If I declare a __local array in global scope, it compiles, but doesn't work. I can write to the local array from the kernel, but when I read from it, I apparently just get back 0. This is not being flagged by the compiler. It does work with the NVIDIA driver. And of course this kind of semantic works with D3D11 groupshared. For example, here's a simple prefix sum shader.

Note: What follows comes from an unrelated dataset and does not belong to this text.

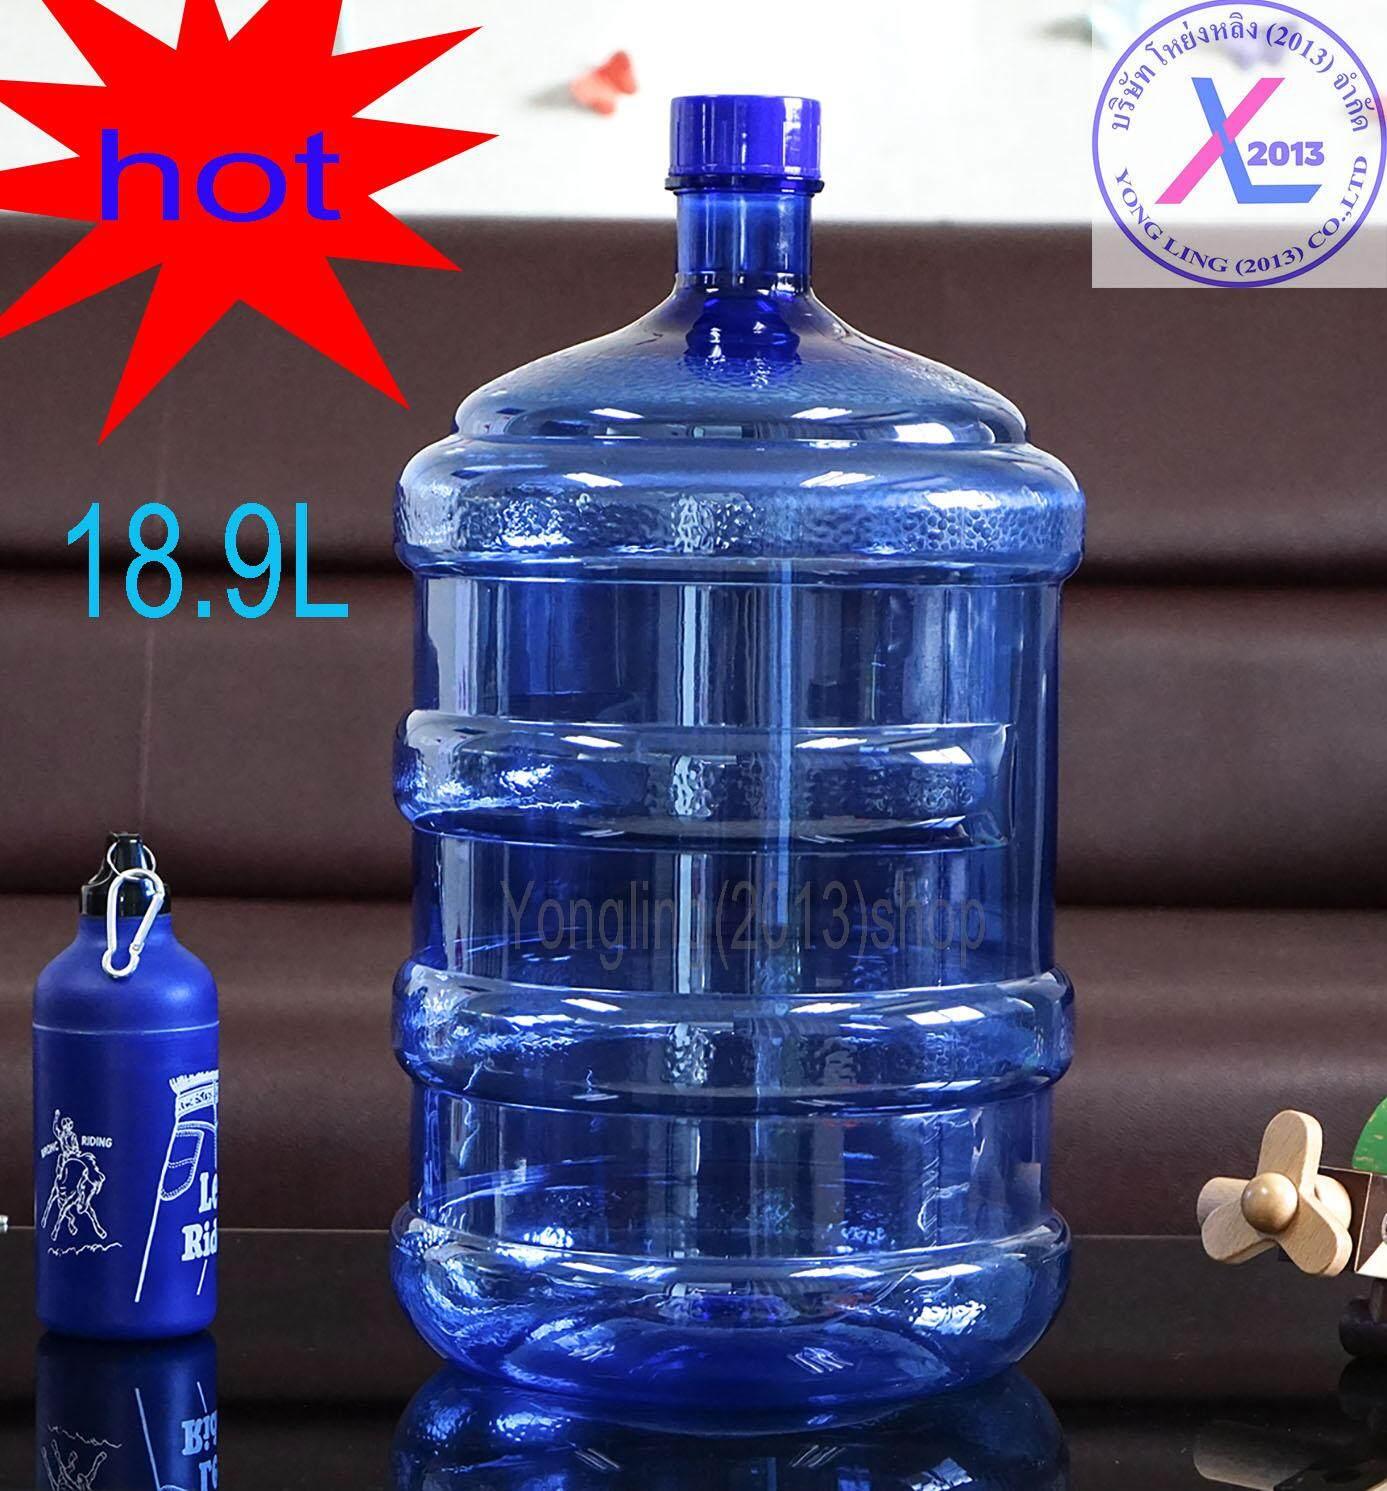 ถังน้ำดื่ม Pet ขนาด 18.9 ลิตร ถังฝาเกลียว สำหรับใส่น้ำดื่ม สีน้ำเงิน Drinking Water Bottle.

When you uncomment the __local uint line just outside of function scope, the shader doesn't work.
#define NUM_THREADS (1<< NUM_LEVELS)
void ThreadSum2(uint tid, __local uint sharedSum[2 * NUM_THREADS]) {
barrier(CLK_LOCAL_MEM_FENCE);
uint offset = 1;
for(int d = N>> 1; d > 0; d>>= 1) {
if(tid < d) {
uint ai = offset * (2 * tid + 1) - 1;
uint bi = offset * (2 * tid + 2) - 1;
sharedSum[bi] += sharedSum[ai];
}
offset<<= 1;
barrier(CLK_LOCAL_MEM_FENCE);
}
#pragma unroll
for(int d = 1; d < N; d<<= 1) {
offset>>= 1;
if(tid < d) {
uint ai = offset * (2 * tid + 1) - 1;
uint bi = offset * (2 * tid + 2) - 1;
uint t = sharedSum[ai];
sharedSum[ai] = sharedSum[bi];
sharedSum[bi] += t;
}
barrier(CLK_LOCAL_MEM_FENCE);
}
}
// uncomment me and the code doesn't work. note that it does work with NV driver.
// __local uint sharedSum[2 * NUM_THREADS];
__kernel __attribute__((reqd_work_group_size(NUM_THREADS, 1, 1)))
void PrefixSumBlock_Pass1(
__global uint* pass1_values,
__global uint* pass1_partialSums) {
// uncomment me and the code DOES work.
// __local uint sharedSum[2 * NUM_THREADS];
uint tid = get_local_id(0);
uint gid = get_group_id(0);
uint index = 2 * NUM_THREADS * gid;
uint ai = tid;
uint bi = tid + NUM_THREADS;
uint a = pass1_values[index + ai];
uint b = pass1_values[index + bi];
sharedSum[ai] = a;
sharedSum[bi] = b;
ThreadSum2(tid, sharedSum);
uint total = sharedSum[0];
a = sharedSum[ai] - total;
b = sharedSum[bi] - total;
pass1_values[index + ai] = a;
pass1_values[index + bi] = b;
if(0 == tid)
pass1_partialSums[gid] = total;
}